• **DATA EXTRACT**

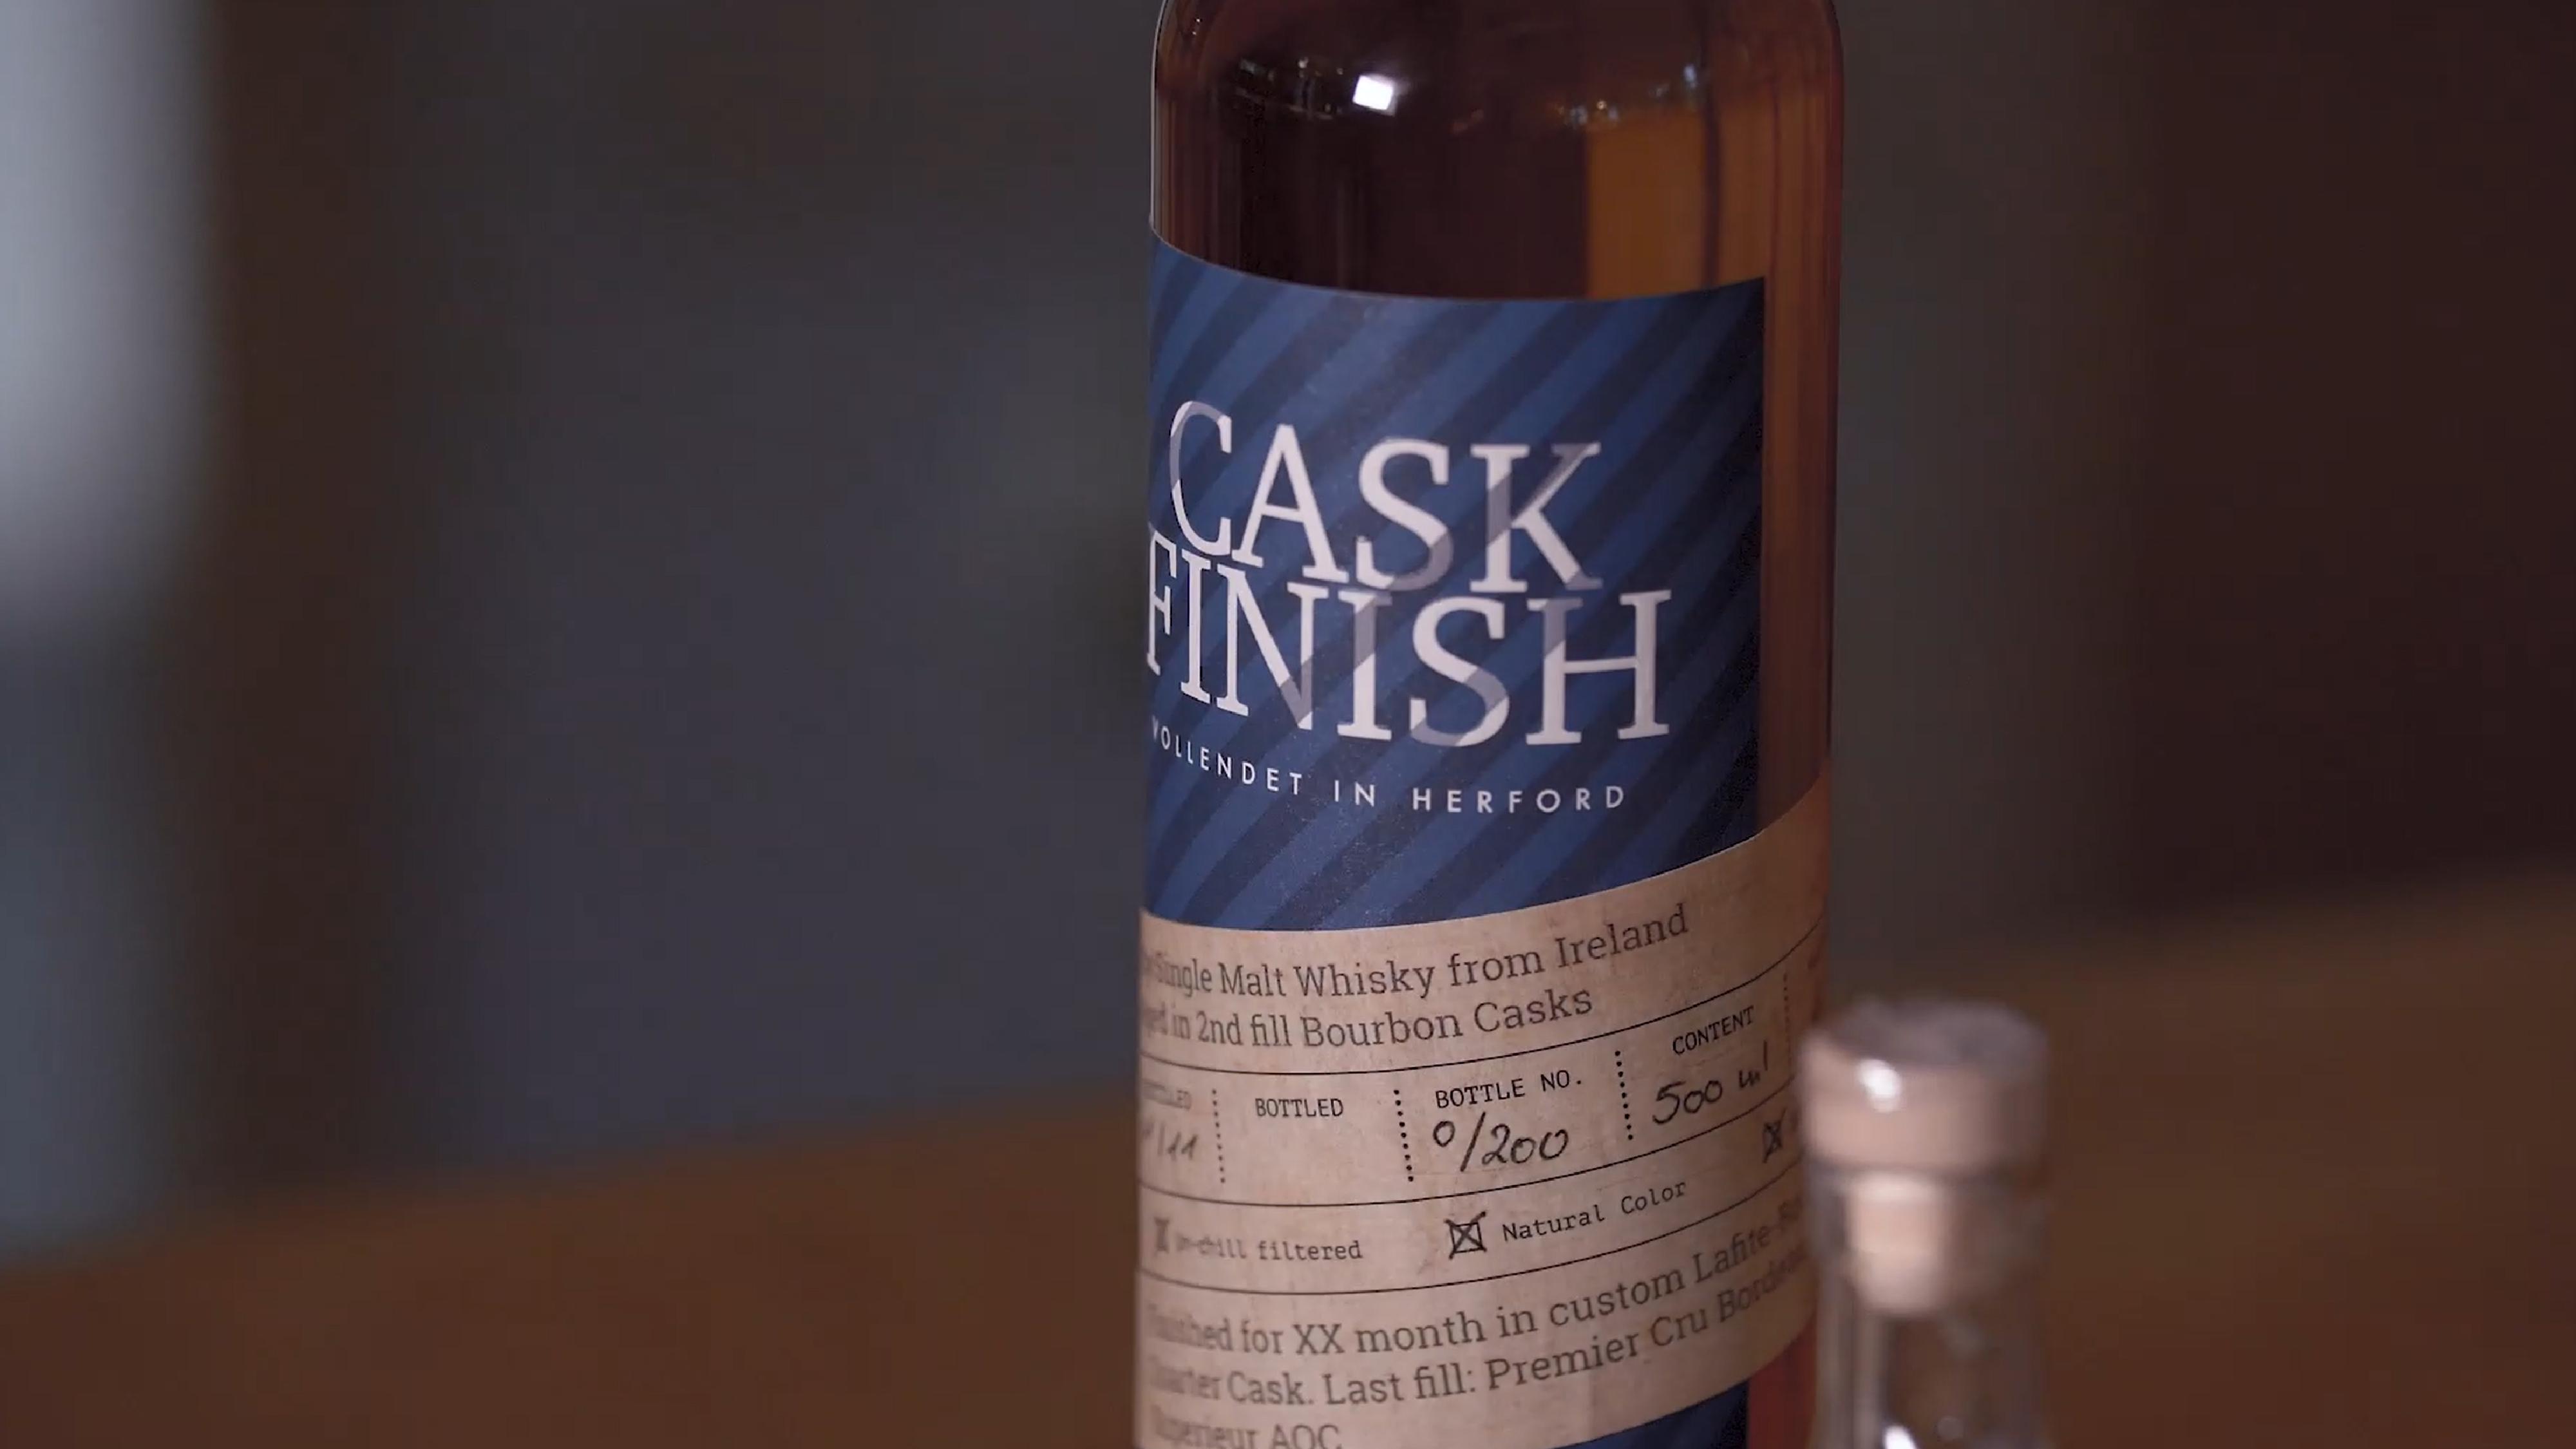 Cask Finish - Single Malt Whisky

==

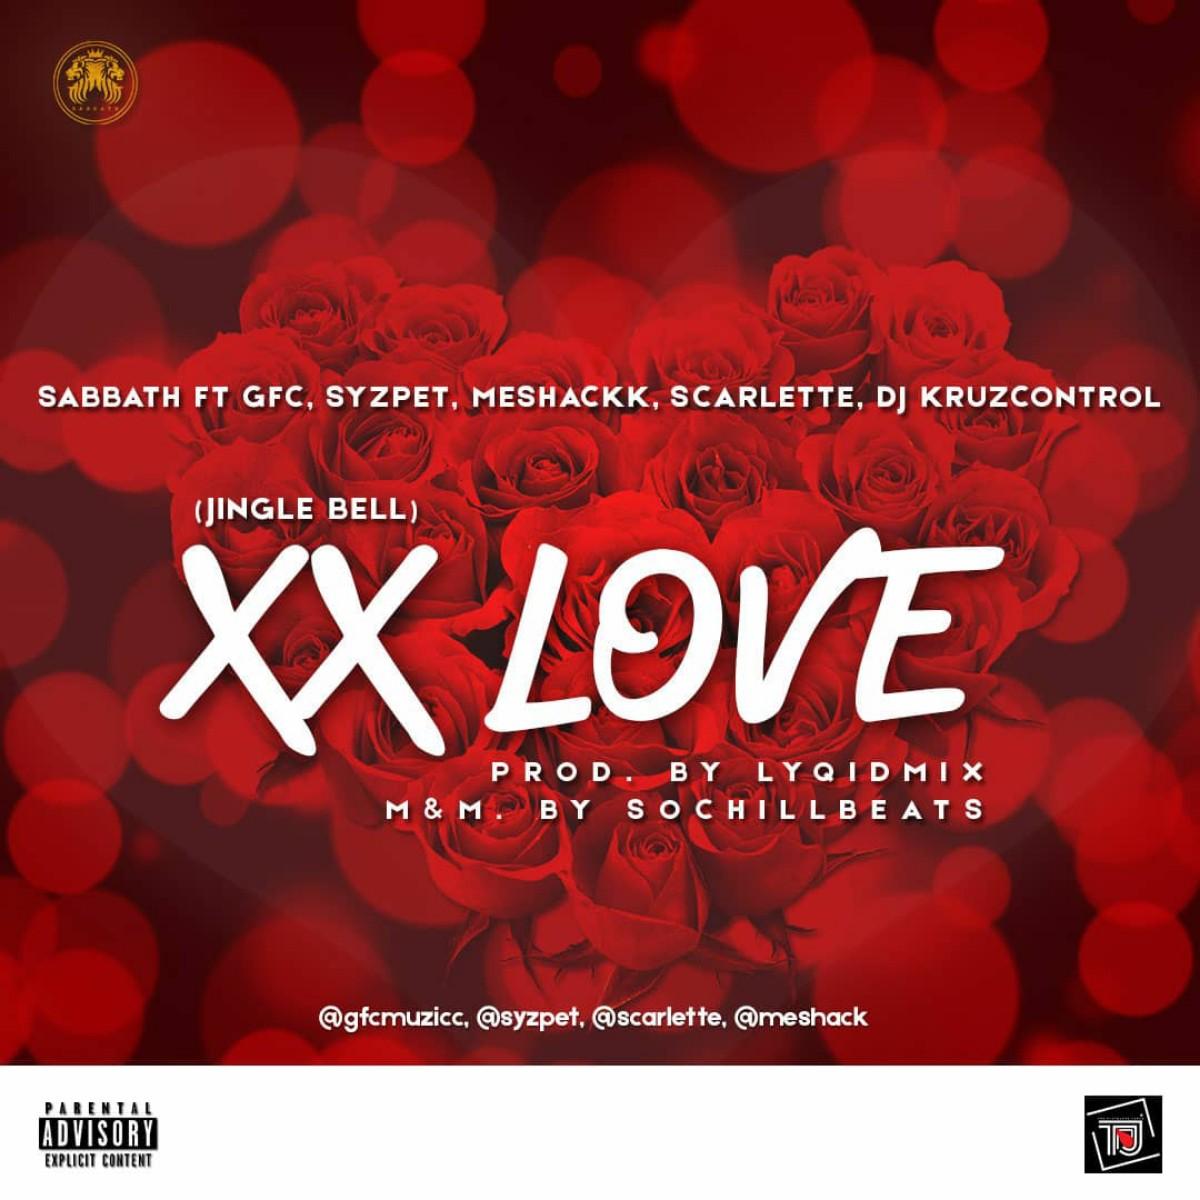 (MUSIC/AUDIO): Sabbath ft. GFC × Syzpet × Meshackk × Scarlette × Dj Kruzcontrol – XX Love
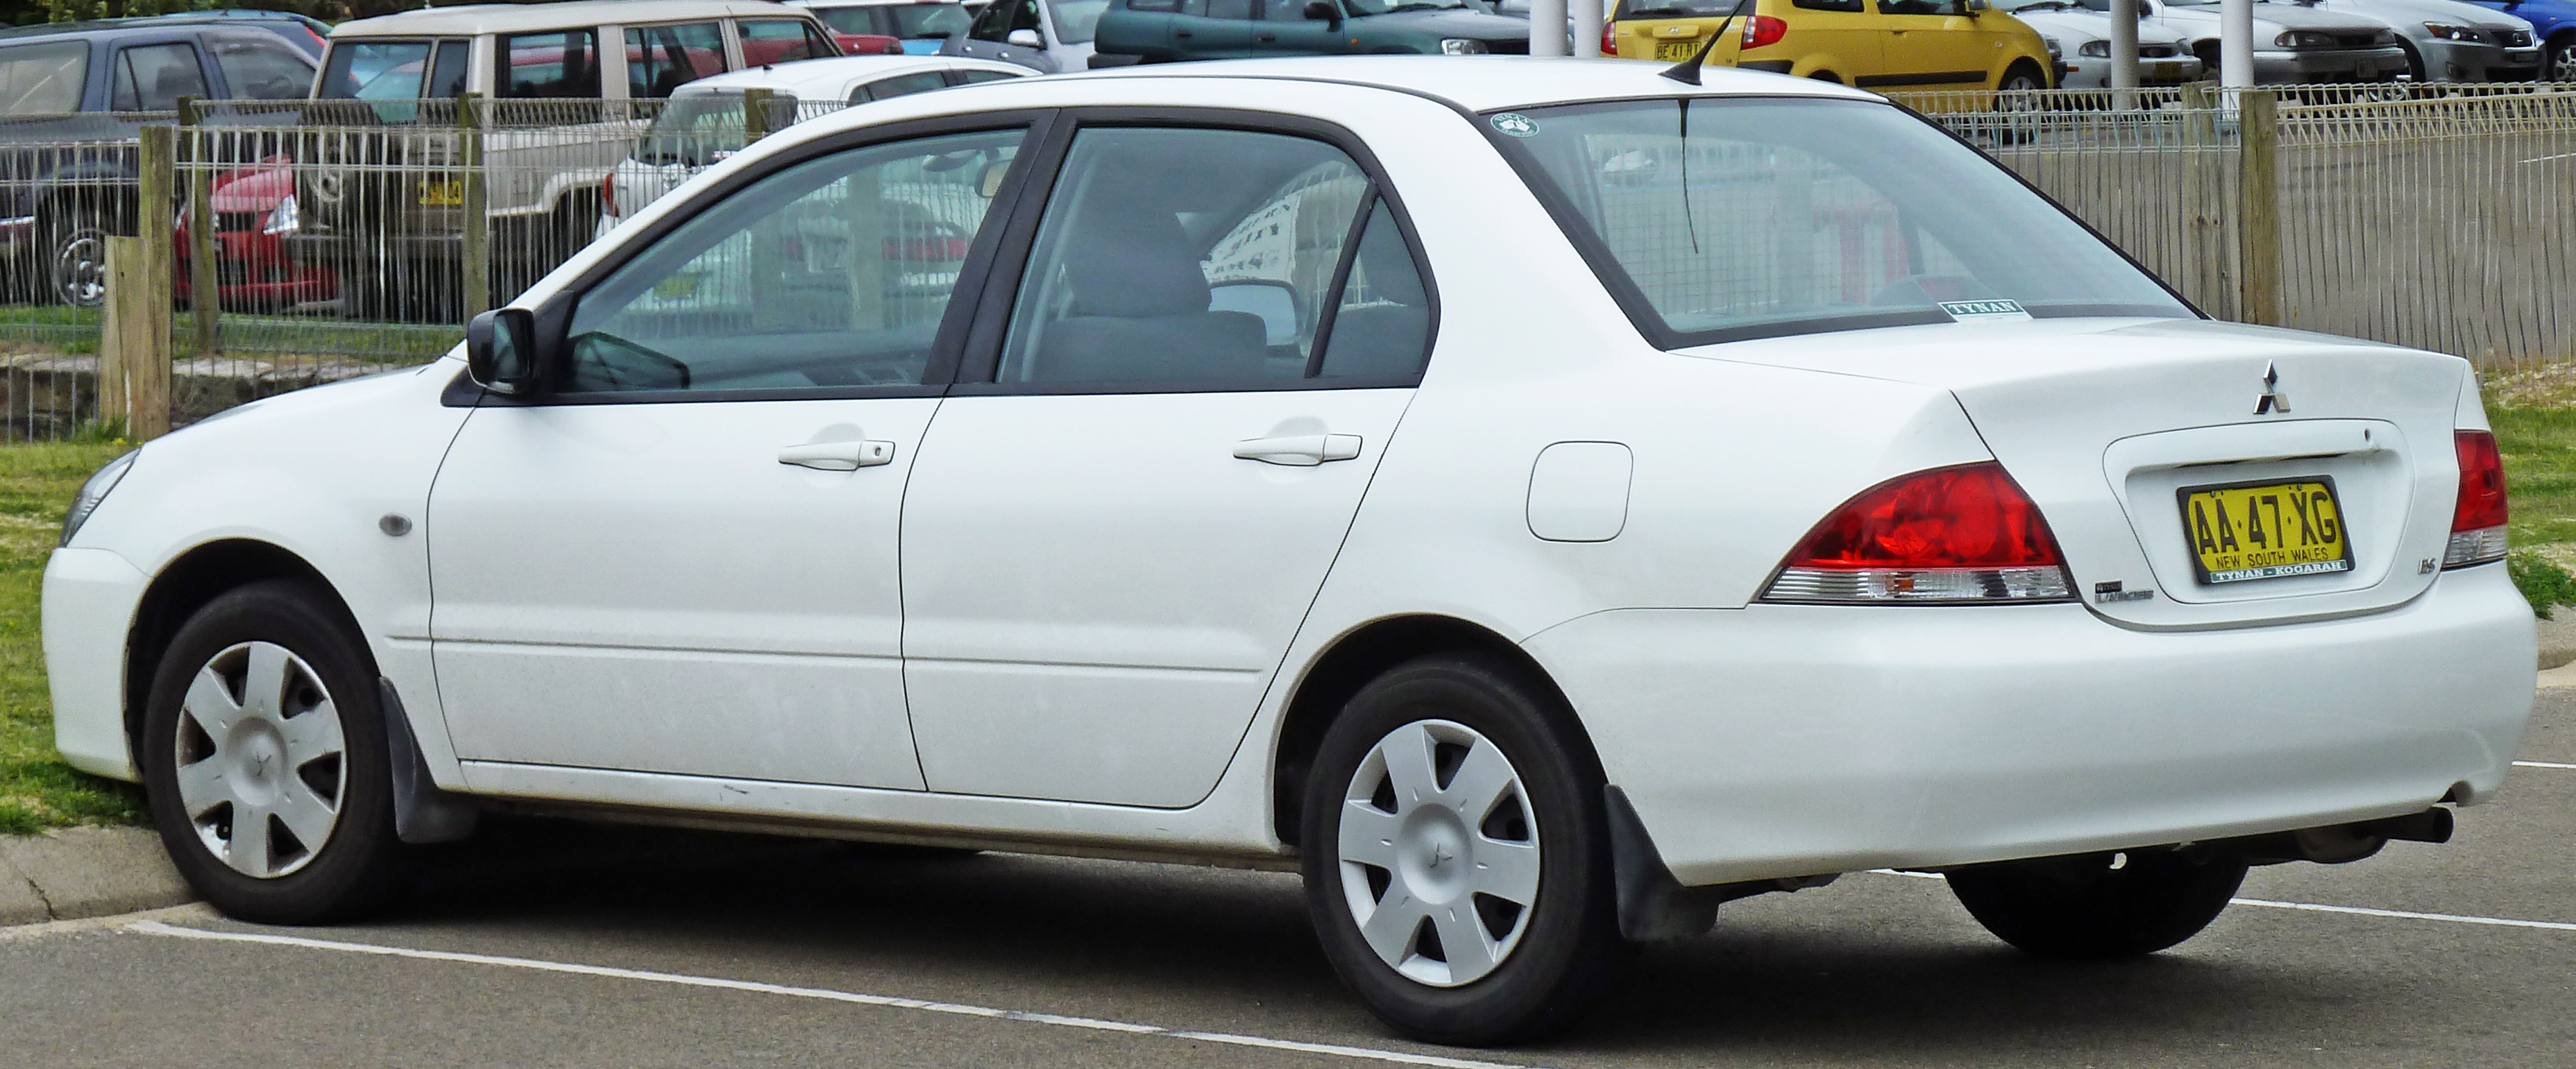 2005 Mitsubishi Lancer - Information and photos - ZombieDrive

• **DIRECTIONS FOR THIS TASK**
Pictures excluded, give again exactly and only the lines of the material above from the line with "(MUSIC/AUDIO): Sabbath ft." through the line with "2005 Mitsubishi Lancer".

• **RESULT OF THE TASK**
 (MUSIC/AUDIO): Sabbath ft. GFC × Syzpet × Meshackk × Scarlette × Dj Kruzcontrol – XX Love
 2005 Mitsubishi Lancer - Information and photos - ZombieDrive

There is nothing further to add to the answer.